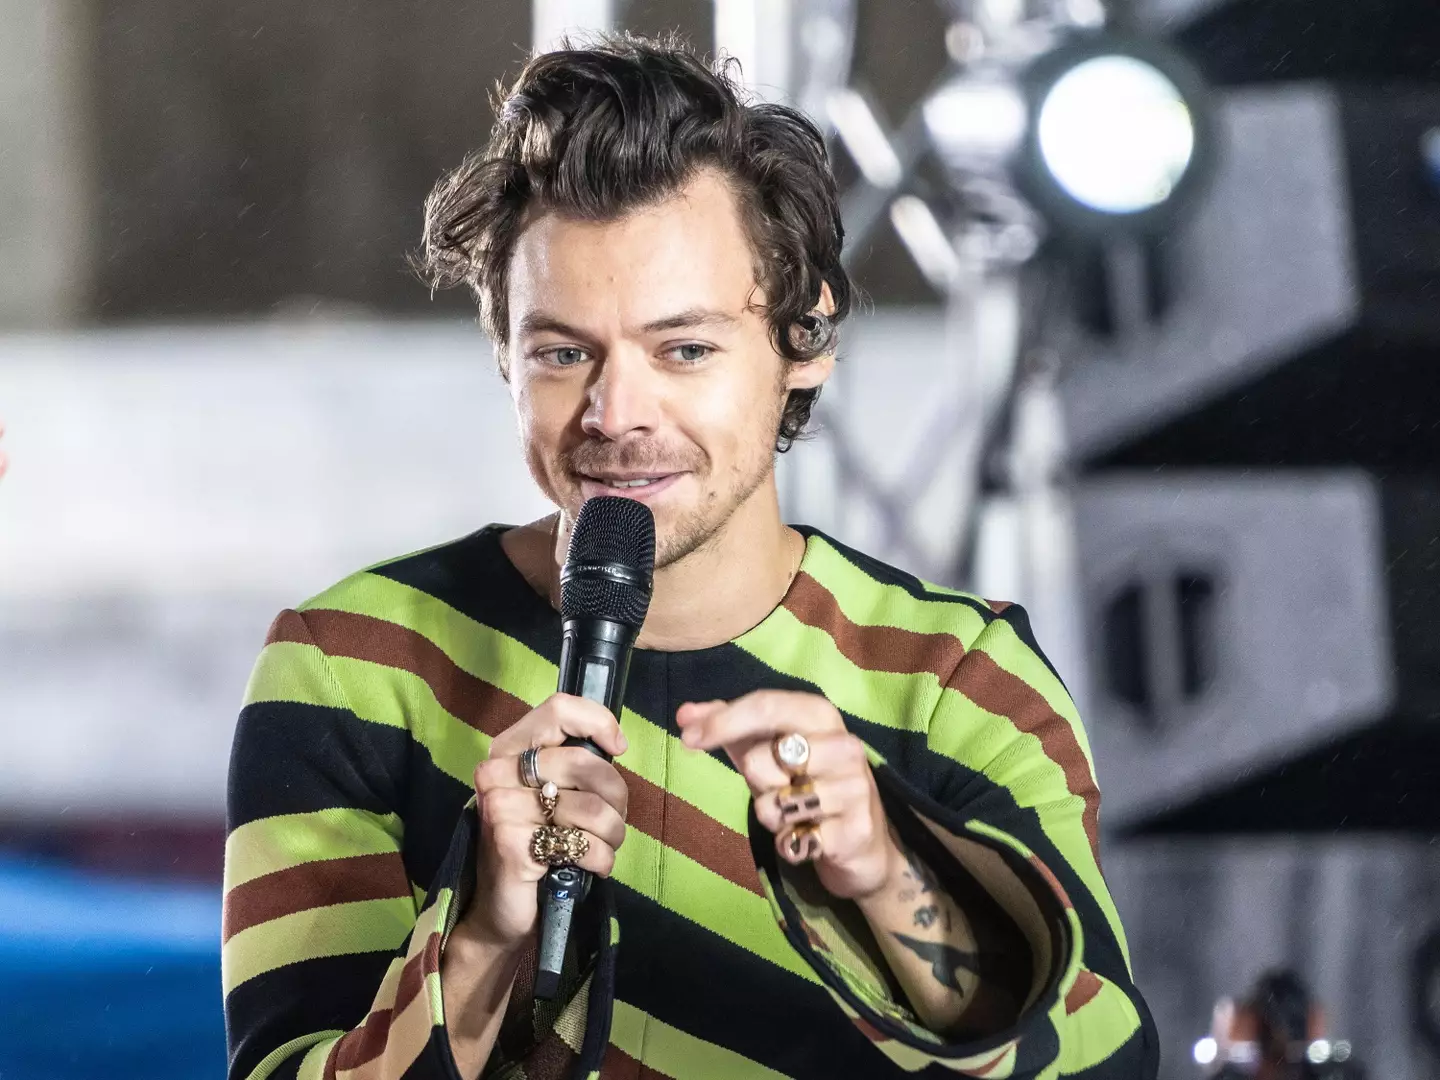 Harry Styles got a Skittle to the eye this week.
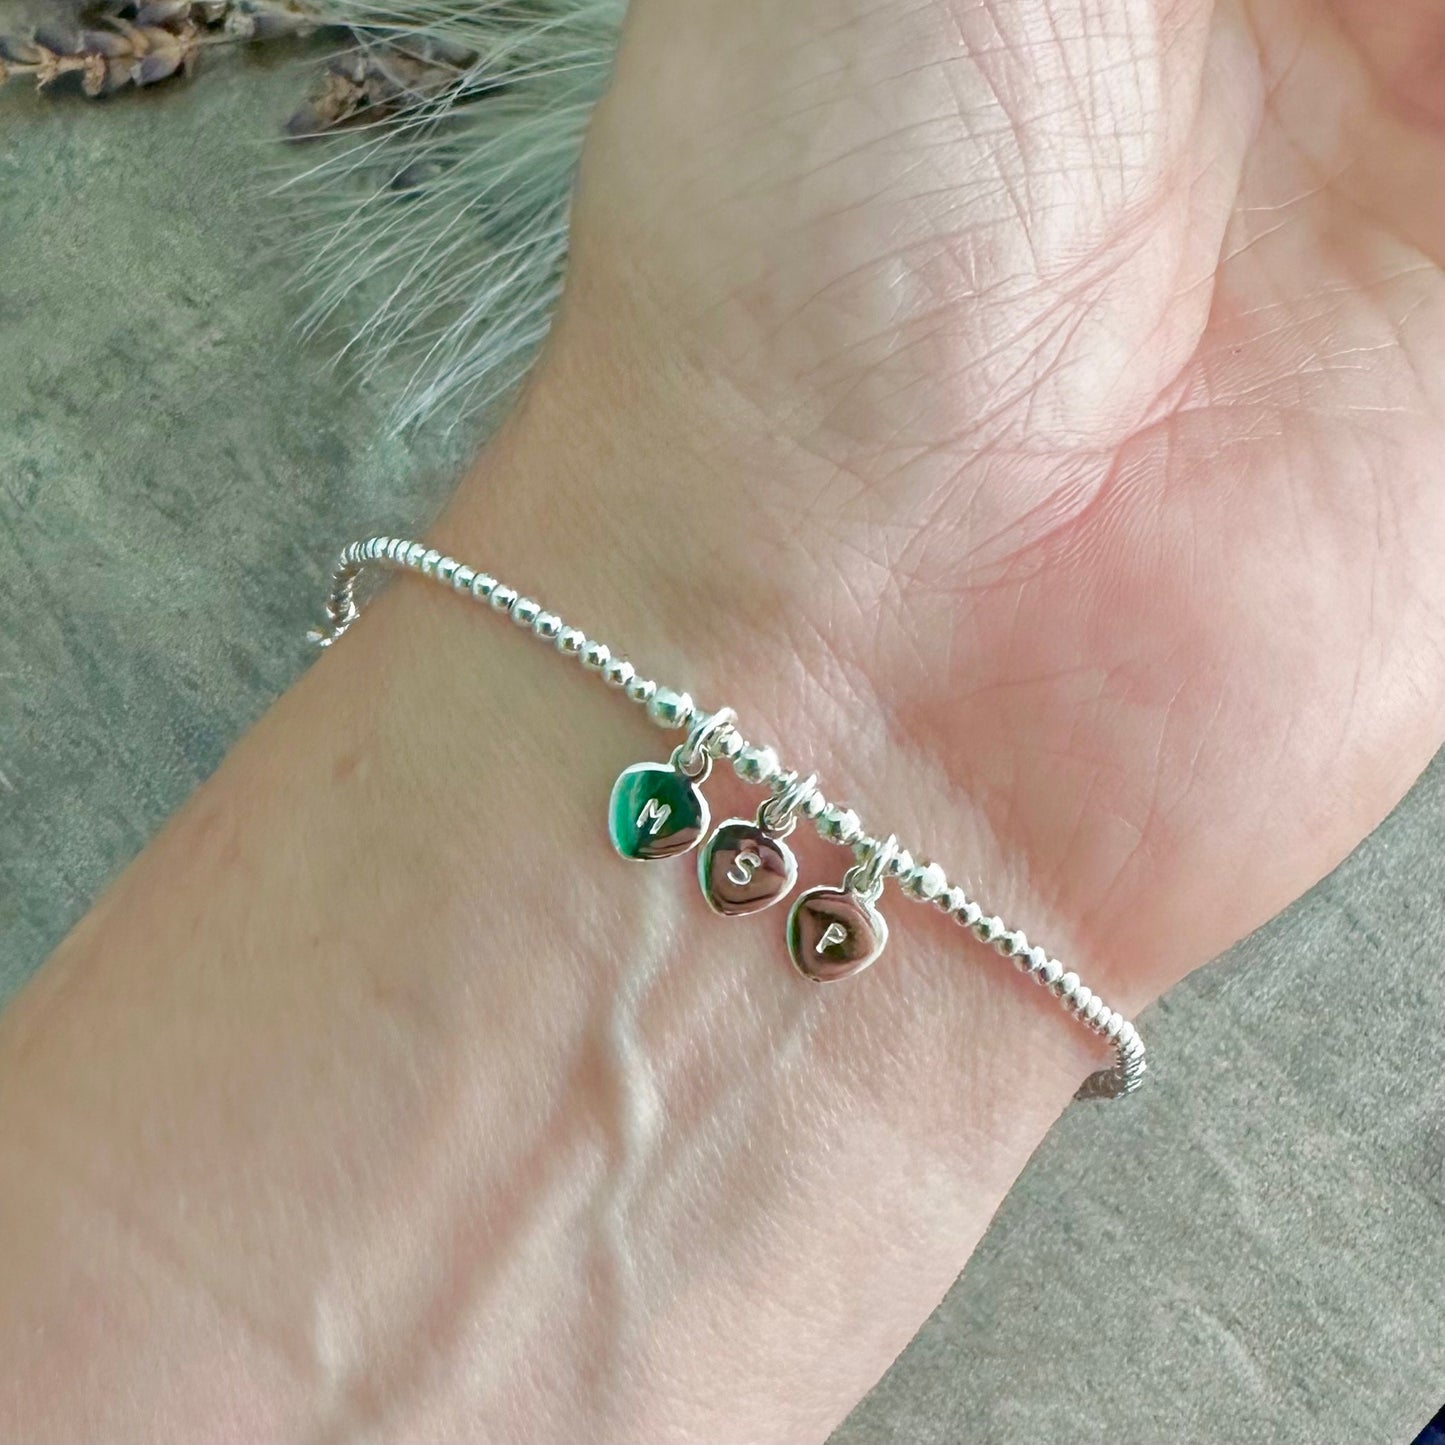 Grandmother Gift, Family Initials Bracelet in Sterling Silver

□ □ □ □ □

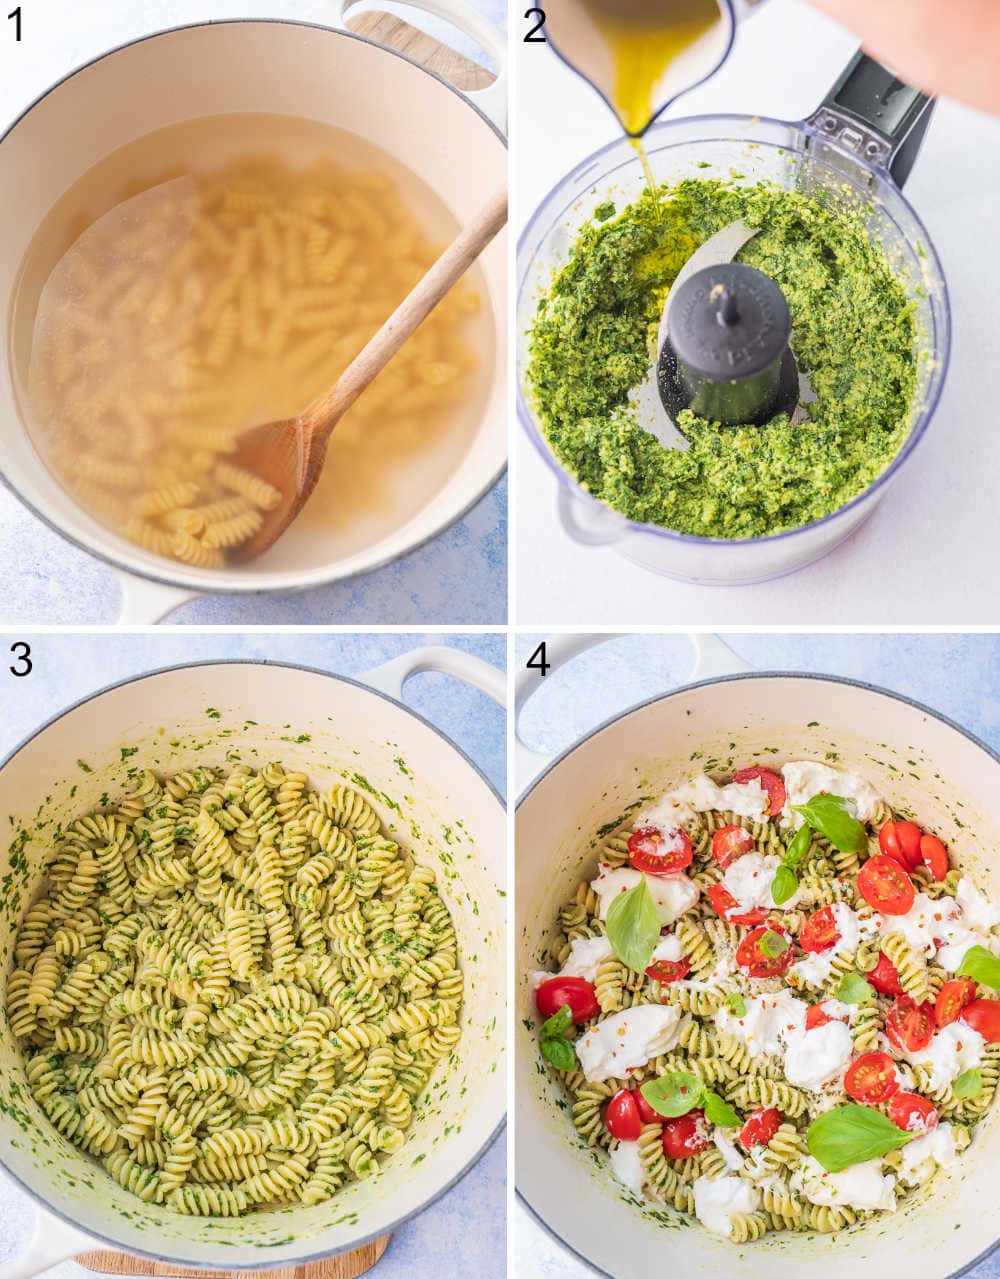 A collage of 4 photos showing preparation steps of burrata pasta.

□ □ □ □ □

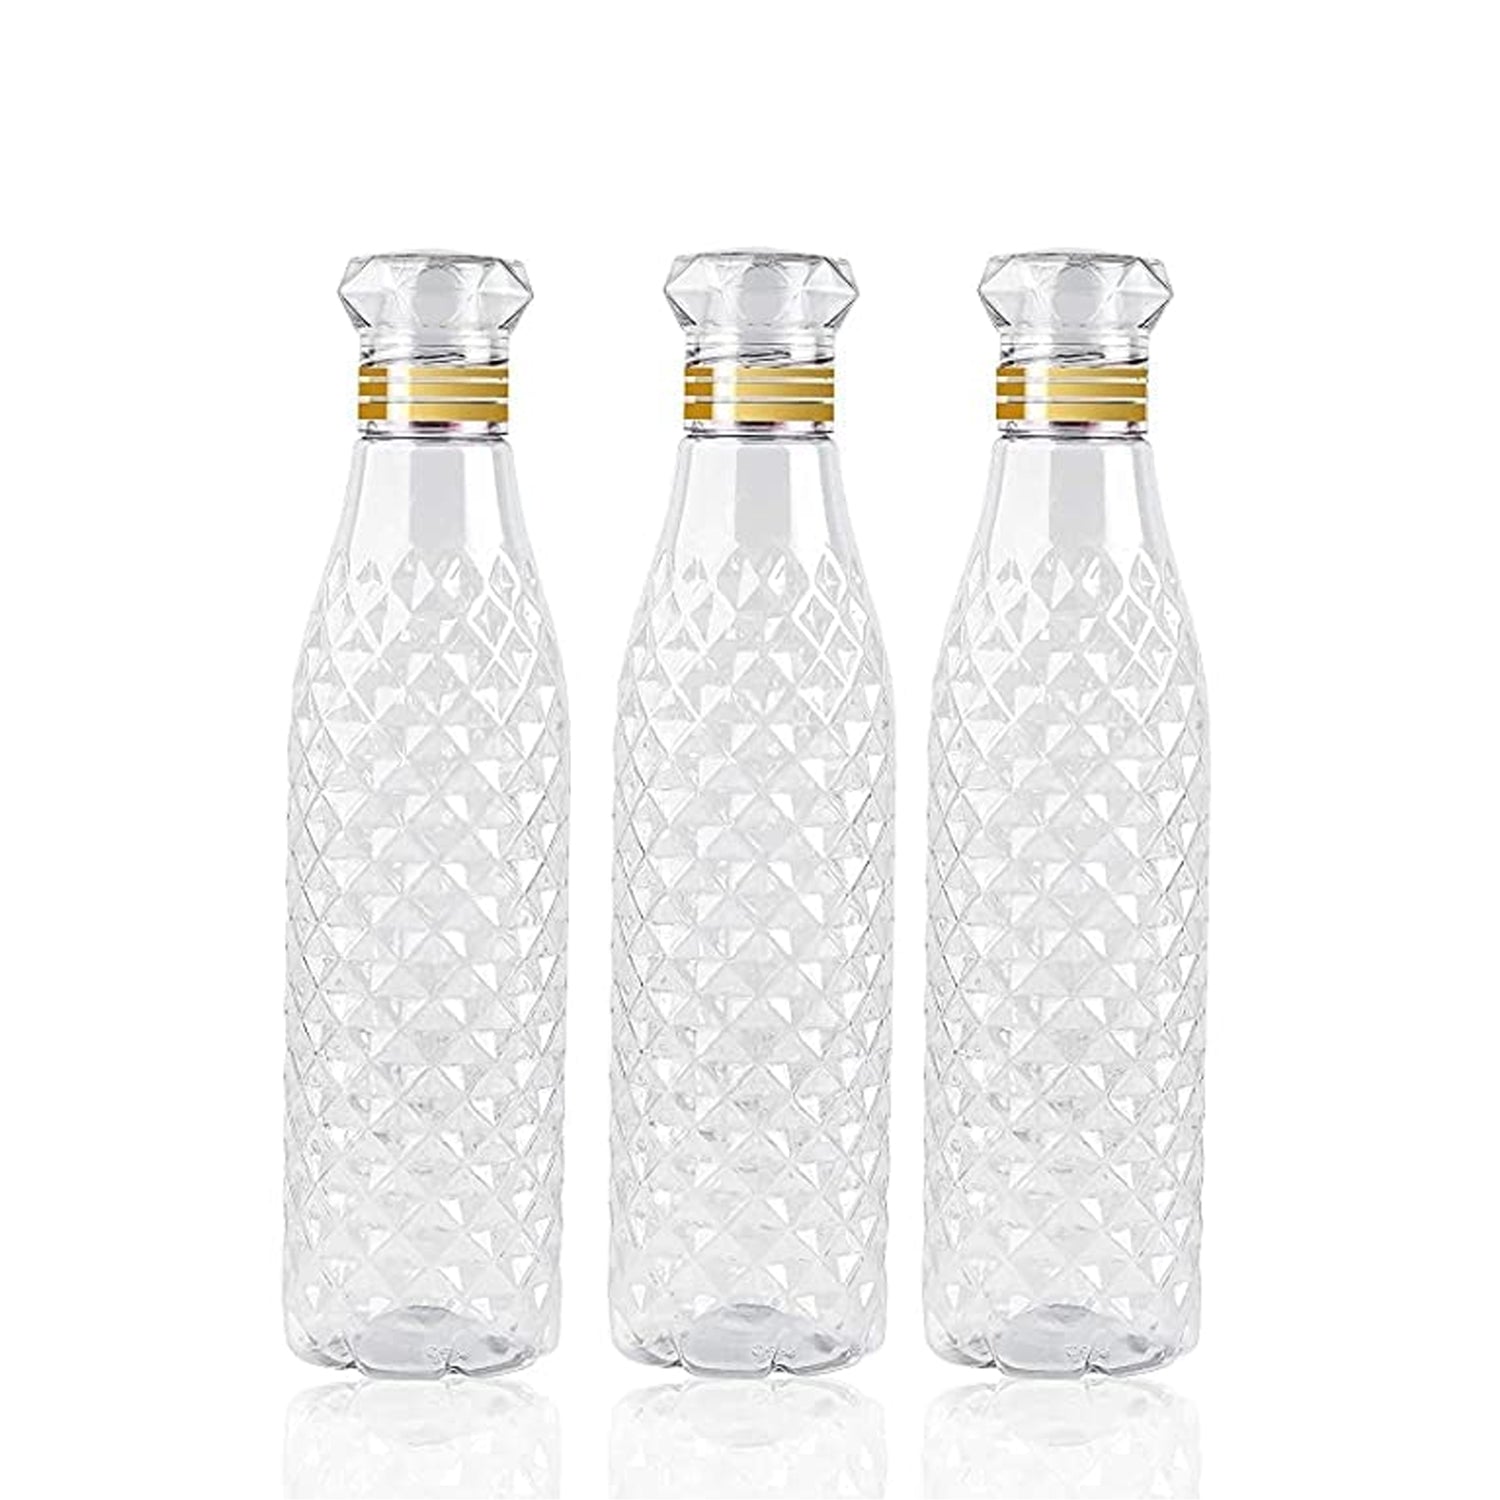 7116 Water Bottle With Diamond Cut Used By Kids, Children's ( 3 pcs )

□ □ □ □ □

Problem details
Copy only what lies between the line with "Harry Styles got" and the line with "Grandmother Gift, Family", those two lines included, exactly as given above; pictures stay out.

Response for this exercise
 Harry Styles got a Skittle to the eye this week.
 Grandmother Gift, Family Initials Bracelet in Sterling Silver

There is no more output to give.